Politik identitas, lanjut Priyo, sebenarnya lumrah dalam politik dan demokrasi. Identitas merupakan trademark dan ciri khas perjuangan suatu kelompok politik. Ini given dalam politik. "Sejarah perpolitikan kita (pemilu 1955) bahkan pernah mengalami ragam politik identitas yang sangat berwarna,” kata Priyo.
Saat itu, politik identitas nasionalis, komunis, agamis (partai Islam, Kristen, Katolik) tampil mengemuka. Namun, lanjut dia, Pemilu 1955 justru menjadi pemilu yang paling orisinil dan demokratis. "Kuncinya ternyata para tokoh politik zaman itu berdinamika dalam tradisi dan koridor moralitas politik yang wisdom,” ungkap Priyo.

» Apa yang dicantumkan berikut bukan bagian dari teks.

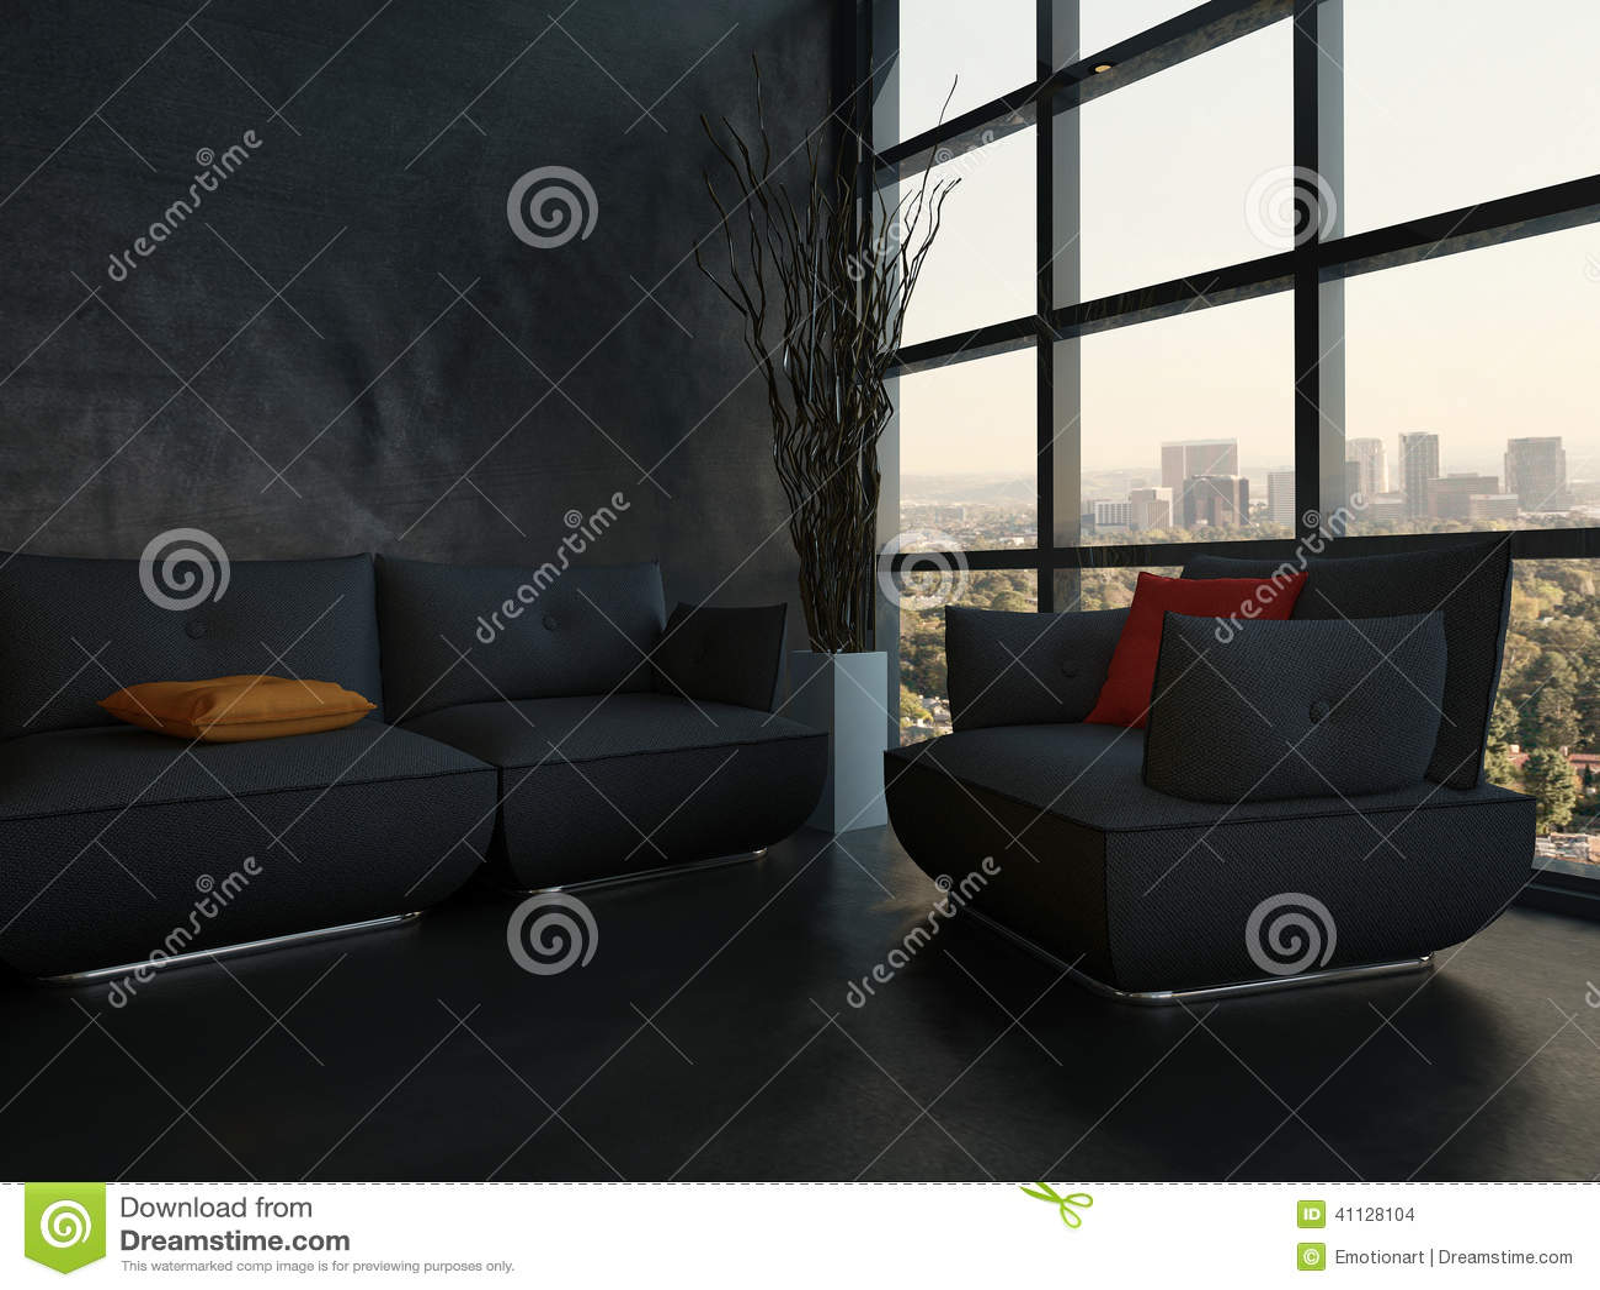 schwarze couch mit bunten kissen gegen h lzerne wand stock abbildung bild 41128104. Black Bedroom Furniture Sets. Home Design Ideas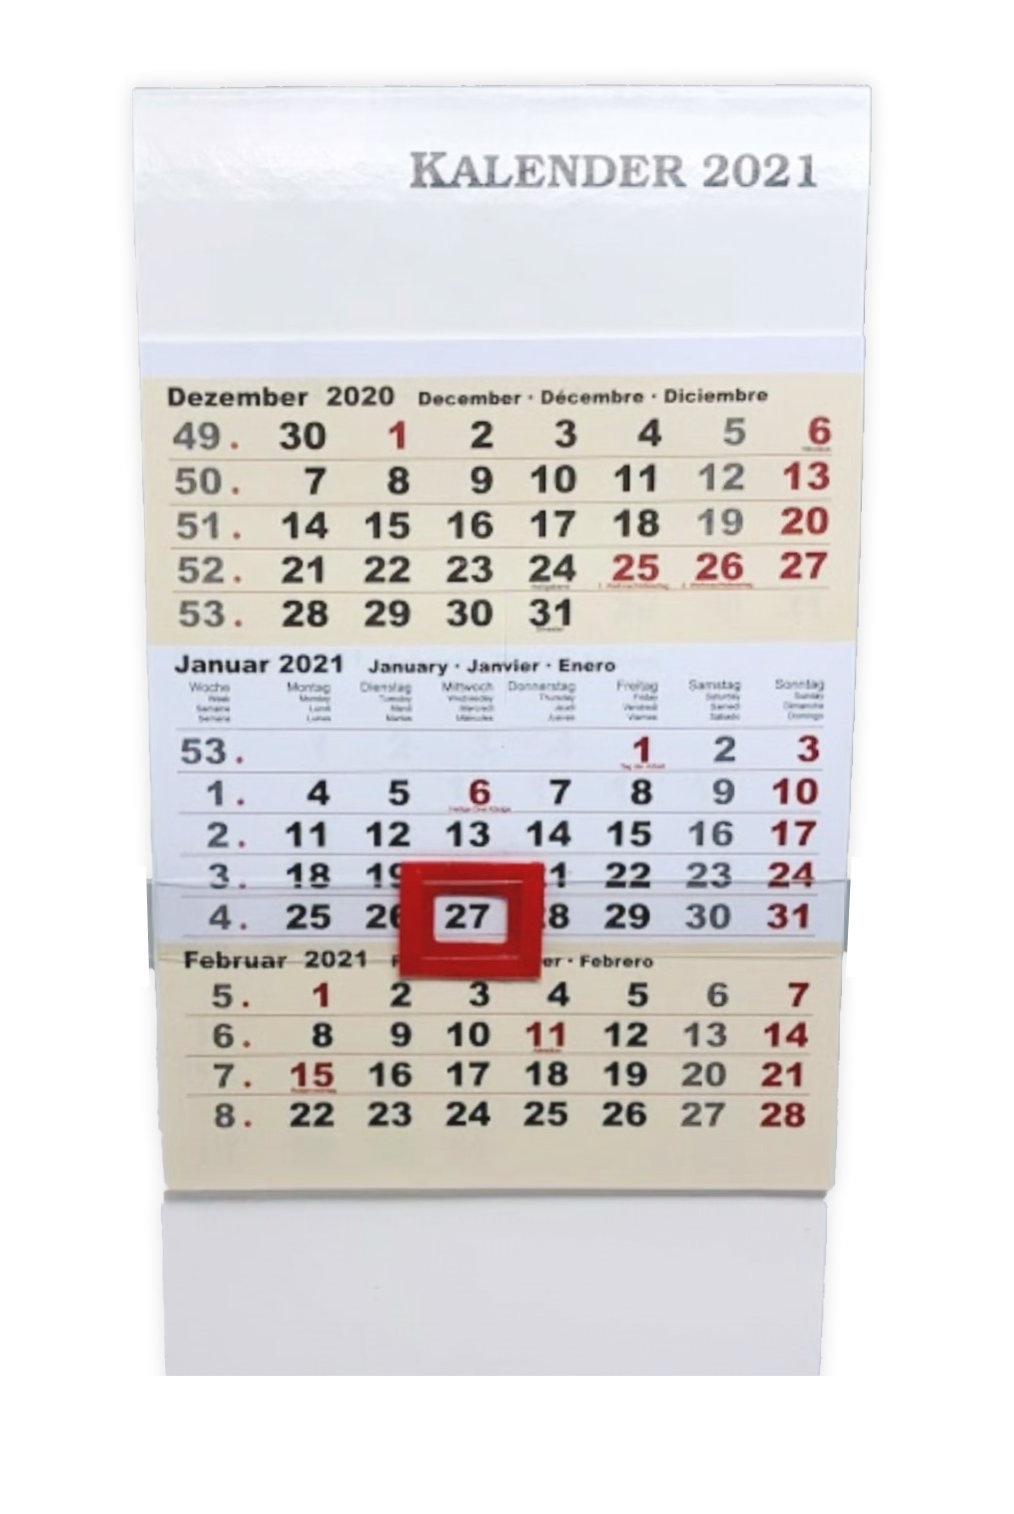 Kalender 2021 Standkalender Tischkalender 3 Monatsansicht 3-Monatskalender  18,5 X 9,5 X 7 Cm | Ceres Webshop

Orasi Surya Paloh, menurut Priyo, adalah orasi pencerahan bangsa. Ia mengajak dan menunggu pikiran-pikiran dari para begawan dan tokoh-tokoh bangsa seperti Presiden Jokowi, Megawati Soekarnoputri, Susilo Bambang Yudhoyono, Jusuf Kalla, Try Sutrisno, dan para Ketua Umum partai politik ternama, seperti Prabowo Subianto, Airlangga Hartarto, Muhaimin Iskandar, AHY, Syaikhu, Zulkifli Hasan, maupun Suharso Monoarfa.
“Tokoh-tokoh yang saya sebutkan di atas nantinya menjadi penentu lahirnya blok koalisi partai politik dalam pencalonan presiden mendatang,” papar Priyo.
Dijelaskannya, dengan sudah ditolaknya uji materi ambang batas pencalonan presiden, maka merekalah harapan agar pilpres mendatang tidak lagi hanya melahirkan dua blok besar yang langsung berhadap-hadapan.
"Kita tentu berharap kondisi seperti Pemilu 2019 tidak boleh terulang lagi. Jangan sampai politik menjadi bensin yang meletupkan perpecahan bangsa,” ungkap Priyo.